In a Q+A, SAI’s 2014-15 South Asian Studies Fellow Anand Vaidya explains his interdisciplinary research on the politics conservation in India, and why India is the best place in the world to study the social sciences.
SAI: Could you talk a little about your background, and what led you to the Raghunathan Family Fellowship?
Anand Vaidya: Well when I began my undergraduate, I was originally a biologist. I went to high school in Bangalore, in South India, and I slowly became interested in anthropology via the anthropological study of science and its political uses, particularly in conservation in India. I ended up double majoring in anthropology and biology. It was something that was interesting enough to me that I decided to go on and do my PhD in Anthropology, studying the politics of conservation in India.
Soon before I started my PhD in 2007, a law had been passed in India, called the Forest Rights Act, which was passed in 2006. The law recognizes for the first time, the rights of forest-dwelling people to the land that they live on. Over the last century or more, millions of forest-dwelling people have had their land claimed, they have been evicted from their land, and they have been harassed on an ongoing basis. So this law was passed, and it was very controversial.
A number of my friends who were involved in environmentalist NGOs in India were talking about the new Forest Rights Act, and I decided to focus on it for my dissertation. And it’s that work on this law, and the movements that helped pass it, and the groups now involved in organizing people to claim land rights through it, that I wrote my dissertation on, and it’s that work that I am continuing right now at the South Asia Institute. I’m writing articles based on the research I did for my PhD, and I’m beginning my book manuscript.
SAI: What was so significant about the 2006 Forest Rights Act that you devoted so much of your research to it?
AV: It’s huge. The forest department in India controls nearly a quarter of the country’s land area. There are millions of people who either live on the land, or who live outside the forest and depend on it for their livelihoods. Denying them land rights has been a major cause of the Maoist insurgency that is going on. It is one of the major causes of the poverty of the Adivasi people who live in these areas.
The politics around it are really complicated too, because obviously, India needs to protect its forests if disastrous climate change is to be averted. India is more sensitive to climate change than most countries because it is so dependent on the monsoon, and because it is such a large population in a small area of land. I think the politics of it are fascinating.
Q: What role does gender play in the movement?
AV: The movement I did my research on was actually a women’s Dalit and Adivasi forest-dweller organization. It was led by women, and they really see the struggle to get rights to the forest as being simultaneously a question of gender justice. Something that one of the women in the village I was working in told me, was that even if they don’t get land rights, the struggle for land rights will have changed their lives.
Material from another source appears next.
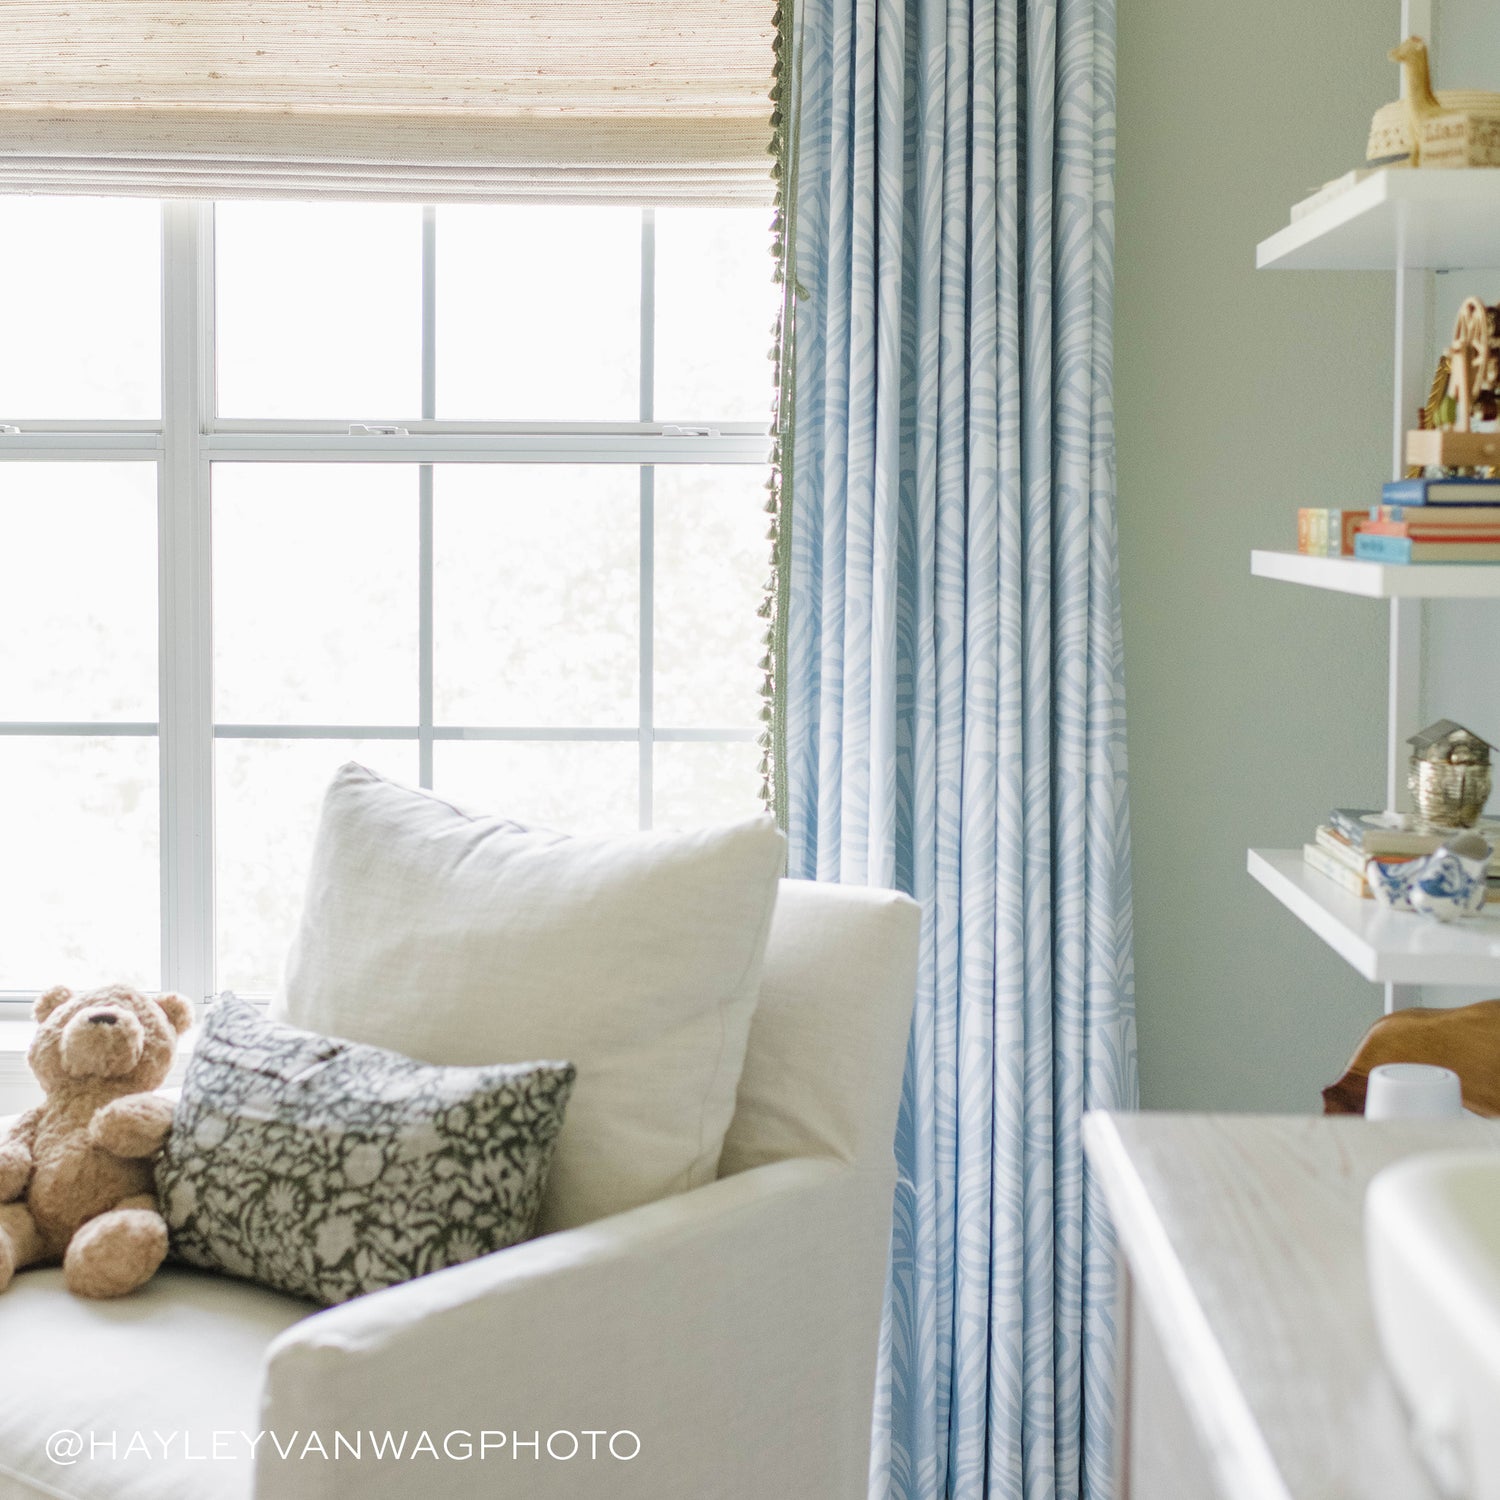 Window close-up with white sofa chair and sky blue palm printed curtains. Photo taken by Hayley Van Wageningen

Before they started the struggle for land rights, the higher-caste men in their village and outside the village used to harass them regularly, and gender violence was much more common. Just the fact that they had been organized in this way made them feel a lot safer and a lot more powerful. So this organization that was formed for land rights had really changed gender relations in the area.
SAI: Why India, when studying biology and anthropology? What makes India a good subject for these fields?
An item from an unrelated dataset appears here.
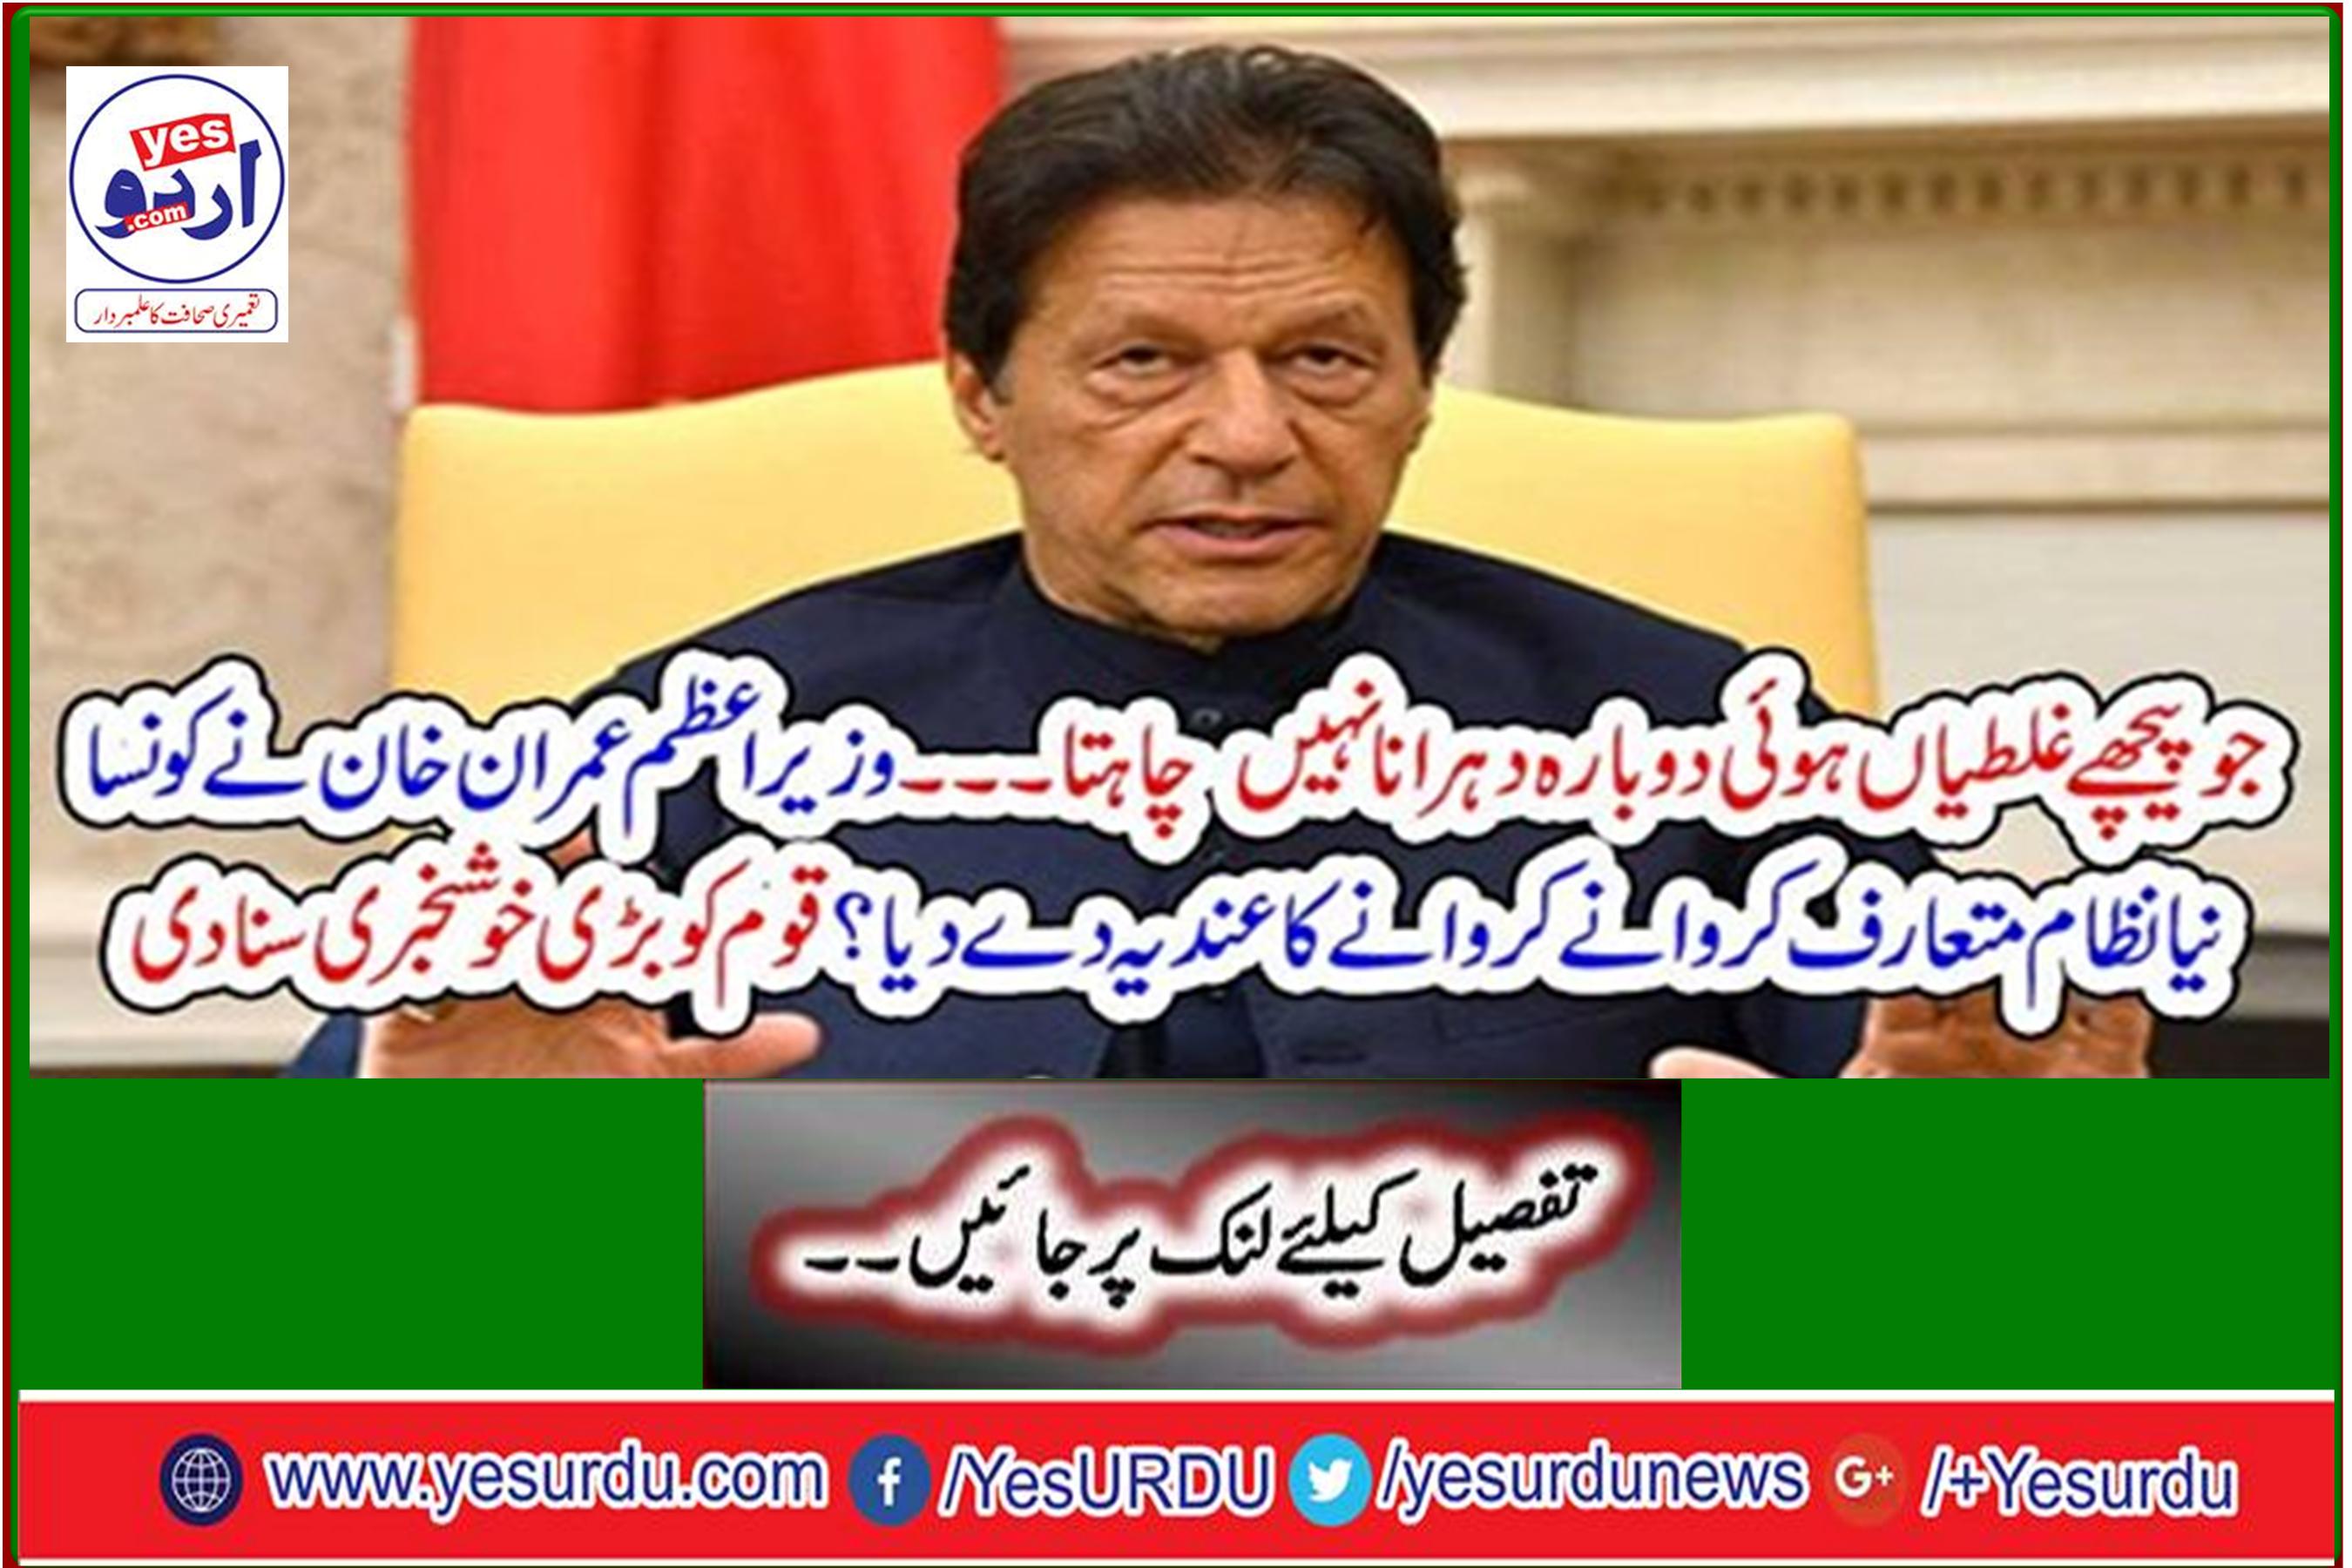 What new system is Prime Minister Imran Khan hinting at? The nation heard the great news

AV: So first it [working in India] was to see my family and do my work at the same time. But I do think that India is the best place in the world to be a social scientist. I think it’s the best place in the world to study politics. I think the politics are more complex – it might be the scale of the country, the parliamentary system, the depth of the problems. There are so many different political parties, so many different formations, so many different languages, religions, caste and community groups. There is also a very long history of political mobilization and political consciousness.
SAI: You are bringing in multiple disciplines (anthropology, history, biology, political science, political economy, legal studies) to study this issue. Why is an interdisciplinary perspective so important?
AV: It was kind of an organic outcome of the question I asked. If you’re looking at how this law got passed, what it does to political relations and this movement, you can’t answer that without looking at the history of property and law in these areas. There are critical economic questions, as well as critical ecological questions. There is just no way to understand what has happened and what’s happening without drawing on a variety of disciplines.
This interview has been edited for clarity and length.